No lugar antes ocupado por Garland, estilhaços de vidro rebrilhavam sob a luz ambiente, o maior deles lembrando um bastão quebrado na ponta. Em vários pontos do sofá, o couro branco havia queimado por completo. Baxter se levantou e seguiu na esteira dos paramédicos, determinada a ficar do lado do jornalista até o último momento.
Edmunds olhou à sua volta, confuso. Estava tão absorto no trabalho que nem havia notado quando os colegas abandonaram suas respectivas mesas para cercar a televisão grande do salão. Instalara-se entre eles um silêncio de perplexidade, quebrado apenas pelos telefones que não paravam de tocar e pela conversa entreouvida na sala de Simmons, que certamente falava com o comissário.
Juntando-se aos demais, ele deparou com a figura de Andrea na tela, não com um microfone na mão ou atrás de uma bancada de telejornal, como de costume, mas correndo ao lado de uma equipe de paramédicos enquanto alguém, com a câmera de um telefone, fazia o possível para mantê-la no enquadramento.

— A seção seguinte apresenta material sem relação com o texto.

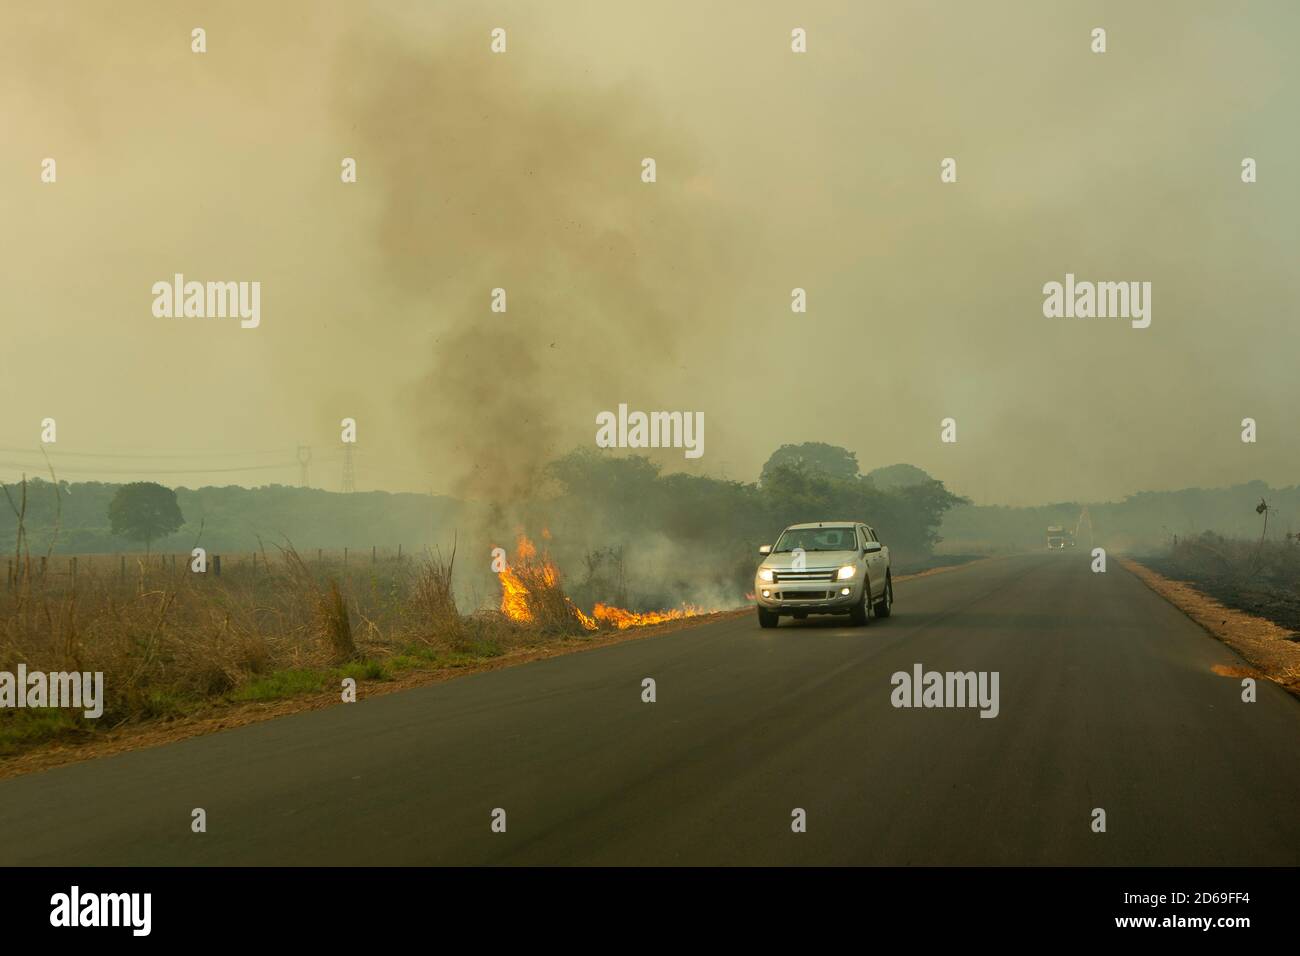 Feu et fumée sur la route BR 163 sur Amazon pendant la saison sèche et conduite floue de voiture à proximité des flammes. Etat para, Brésil. Concept d'environnement. Banque D'Images

Atrás dela via-se a detetive Baxter, debruçada sobre o corpo que levavam na maca. Só podia ser de Jarred Garland.
O noticiário voltou para o estúdio e aos poucos as pessoas foram retornando para suas mesas, conversando entre si. Todos sabiam que Emily havia assumido a responsabilidade pela proteção de Garland e muitos criticavam sua decisão de permitir uma entrevista ao vivo com aquele homem que tanto contestara o trabalho da polícia nas suas colunas.
Agora eram muitas as perguntas que circulavam: qual teria sido a real intenção da detetive ao expor o jornalista de modo tão vulnerável naquele hotel? O atirador seria mesmo o Bonequeiro, como eles vinham chamando o assassino? O que realmente havia acontecido com ele? Alguns diziam que ele havia sido baleado, outros, que havia se queimado.
No entanto, apenas uma pergunta interessava a Edmunds: por que diabo o assassino teria agido com um dia de antecedência?